- **Exercise goal**
All of the data, word for word and free of pictures, is the expected result.

- **Data section**
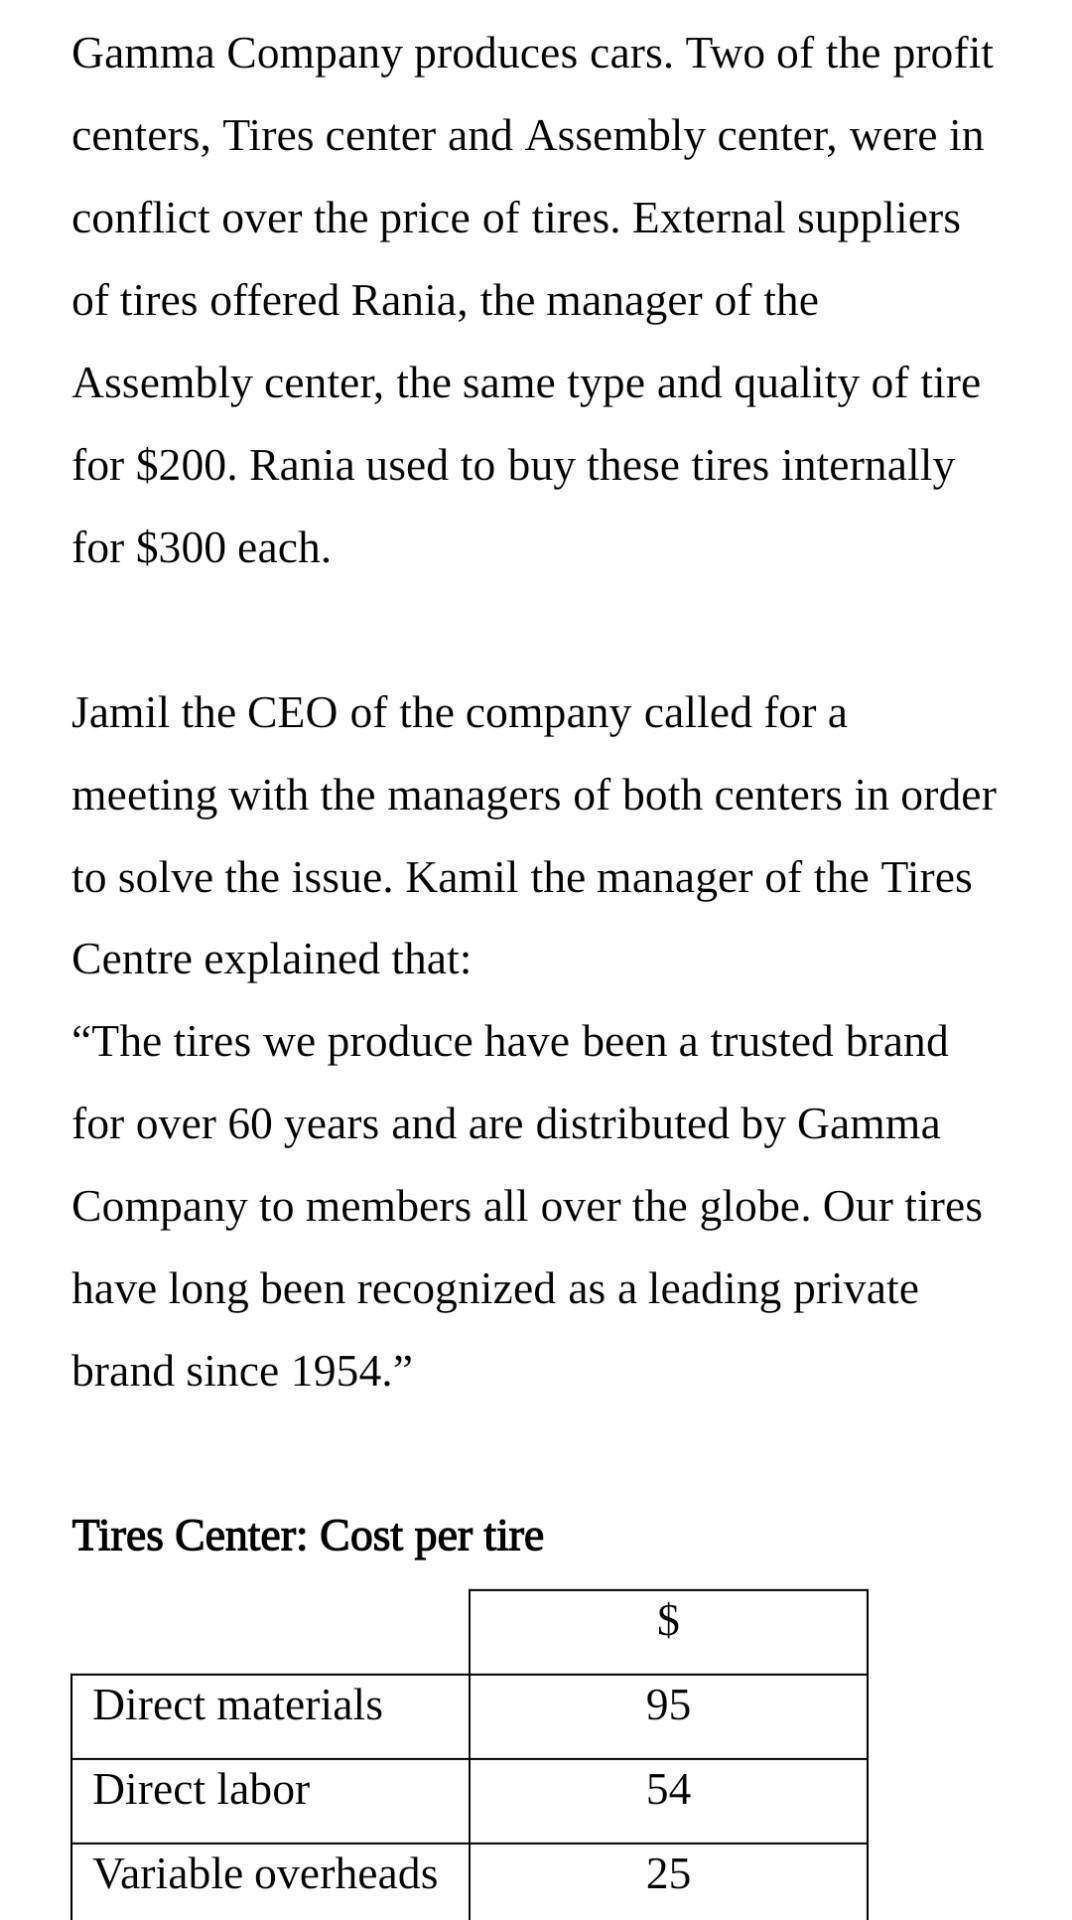 Gamma Company produces cars. Two of the profitcenters, Tires center and Assembly center, were inconflict over the price of
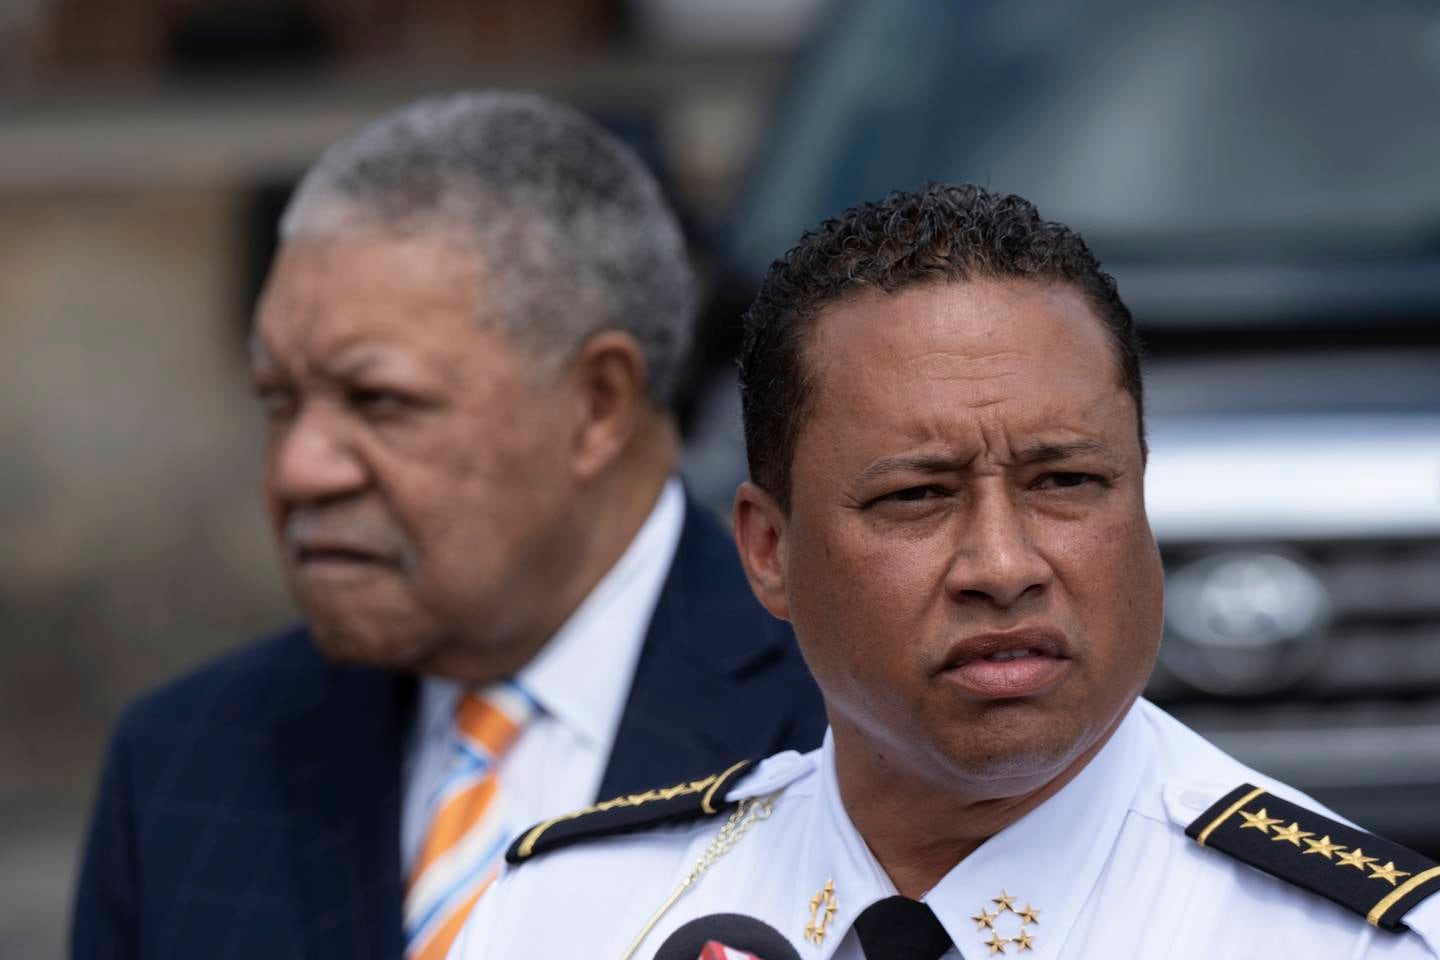 Fulton County Sheriff Patrick Labat, center, speaks to the media Tuesday afternoon, June 1, 2021 in Atlanta. (AP Photo/Ben Gray)
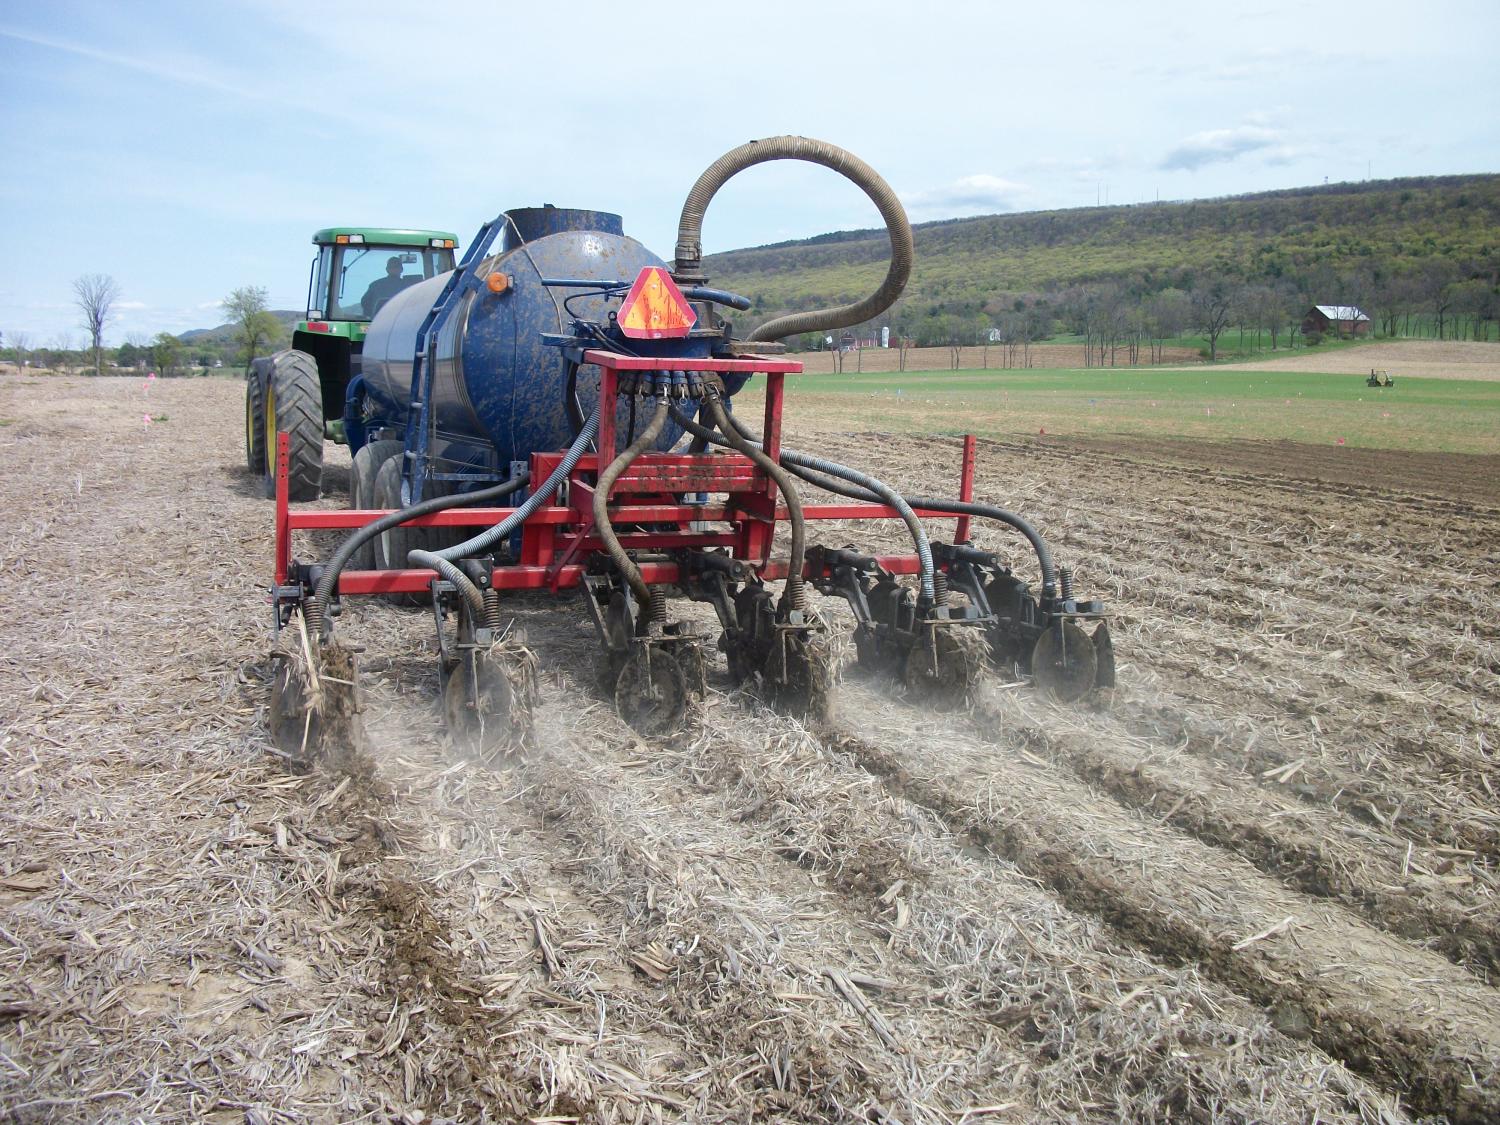 Dairy farms — especially in the Northeast — are increasingly subject to more stringent regulations to reduce nutrient losses. With expected warmer conditions that will result in increased ammonia volatilization from manure and more frequent and more severe storms that will cause more soluble phosphorus runoff, new strategies such as manure injection (shown) are needed to limit nitrogen and phosphorus losses from crop fields. Credit: Robert Meinen. All Rights Reserved.

- **Reply to the task**
 Gamma Company produces cars. Two of the profitcenters, Tires center and Assembly center, were inconflict over the price of
 Fulton County Sheriff Patrick Labat, center, speaks to the media Tuesday afternoon, June 1, 2021 in Atlanta. (AP Photo/Ben Gray)
 Dairy farms — especially in the Northeast — are increasingly subject to more stringent regulations to reduce nutrient losses. With expected warmer conditions that will result in increased ammonia volatilization from manure and more frequent and more severe storms that will cause more soluble phosphorus runoff, new strategies such as manure injection (shown) are needed to limit nitrogen and phosphorus losses from crop fields. Credit: Robert Meinen. All Rights Reserved.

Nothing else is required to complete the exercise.